Un mondo più caldo è sicuramente un mondo con meno neve e con una copertura di neve al suolo la cui durata, estensione e spessore diminuiscono. Senza una coltre nevosa che fa da isolante termico, il suolo montano rischia di congelare, portando a un’alterazione del ciclo degli elementi nutritivi che si protrae fino all’estate, con effetti a catena sull’ecosistema.
Se manca la neve in inverno, in montagna, non è garantita la riserva che, fondendo nella stagione calda, alimenta fiumi e torrenti e porta acqua a valle. Se non c’è neve in inverno, i ghiacciai non hanno uno strato protettivo sopra la loro superficie, che li protegge dalla fusione nella stagione calda. Alcuni studi[3] mostrano che entro la fine del 2100 l’equivalente in acqua della neve (un parametro che dipende dallo spessore e dalla densità della neve, utile per avere una misura della quantità di neve caduta, ma anche di quanta acqua potenzialmente questa neve contiene, pronta all’uso) sulle Alpi si ridurrà tra l’80 e il 90%, attorno ai 1.500 metri di quota; a quote superiori la riduzione sarà minore, circa il 10%.

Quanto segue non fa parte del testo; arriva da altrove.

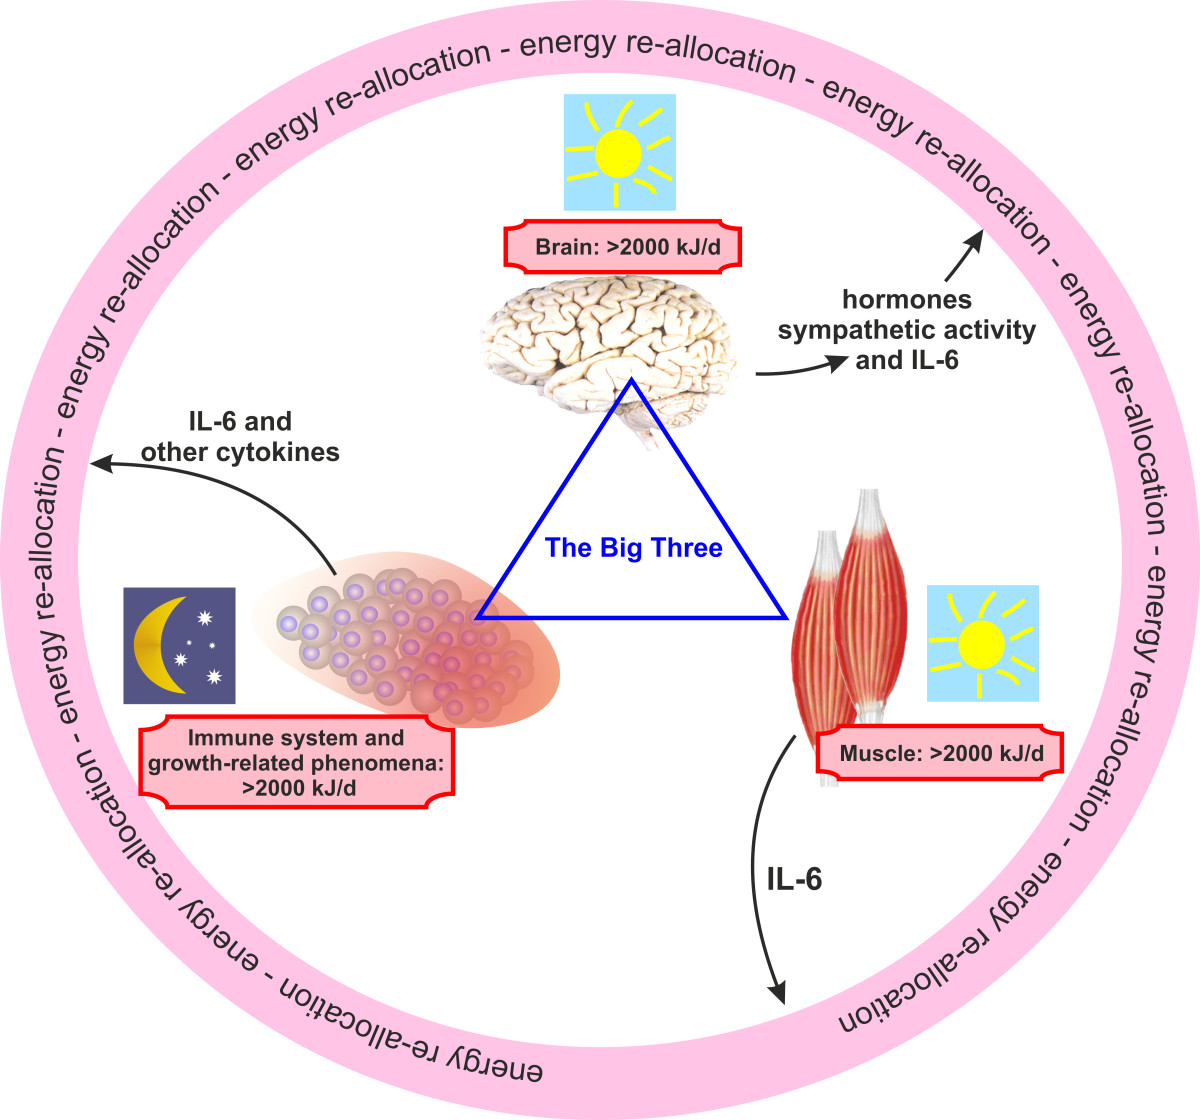 Interaction of the endocrine system with inflammation: a function of

[1] Intergovernmental Panel on Climate Change (IPCC), Climate Change 2021 – The Physical Science Basis: Working Group I Contribution to the Sixth Assessment Report of the Intergovernmental Panel on Climate Change, Cambridge University Press, Cambridge (UK) e New York (USA), 2023, disponibile online al sito https://bit.ly/43vHeb5.
[2] Peng Xiaoqing, Zhang Tingjun, Oliver W. Frauenfeld, Ran Du, Haodong Jin, Cuicui Mu, A Holistic Assessment of 1979-2016 Global Cryospheric Extent, in Earth’s Future, vol. 9, n. 8, 2021, disponibile online al sito https://bit.ly/4bCF8Iy.
[3] Silvia Terzago, Jost von Hardenberg, Elisa Palazzi, Antonello Provenzale, Snow Water Equivalent in the Alps as Seen by Gridded Data Sets, CMIP5 and CORDEX Climate Models, in The Cryosphere, vol. 11, n. 4, 2017, pp. 1625-1645, disponibile online al sito https://bit.ly/3FhXBhD.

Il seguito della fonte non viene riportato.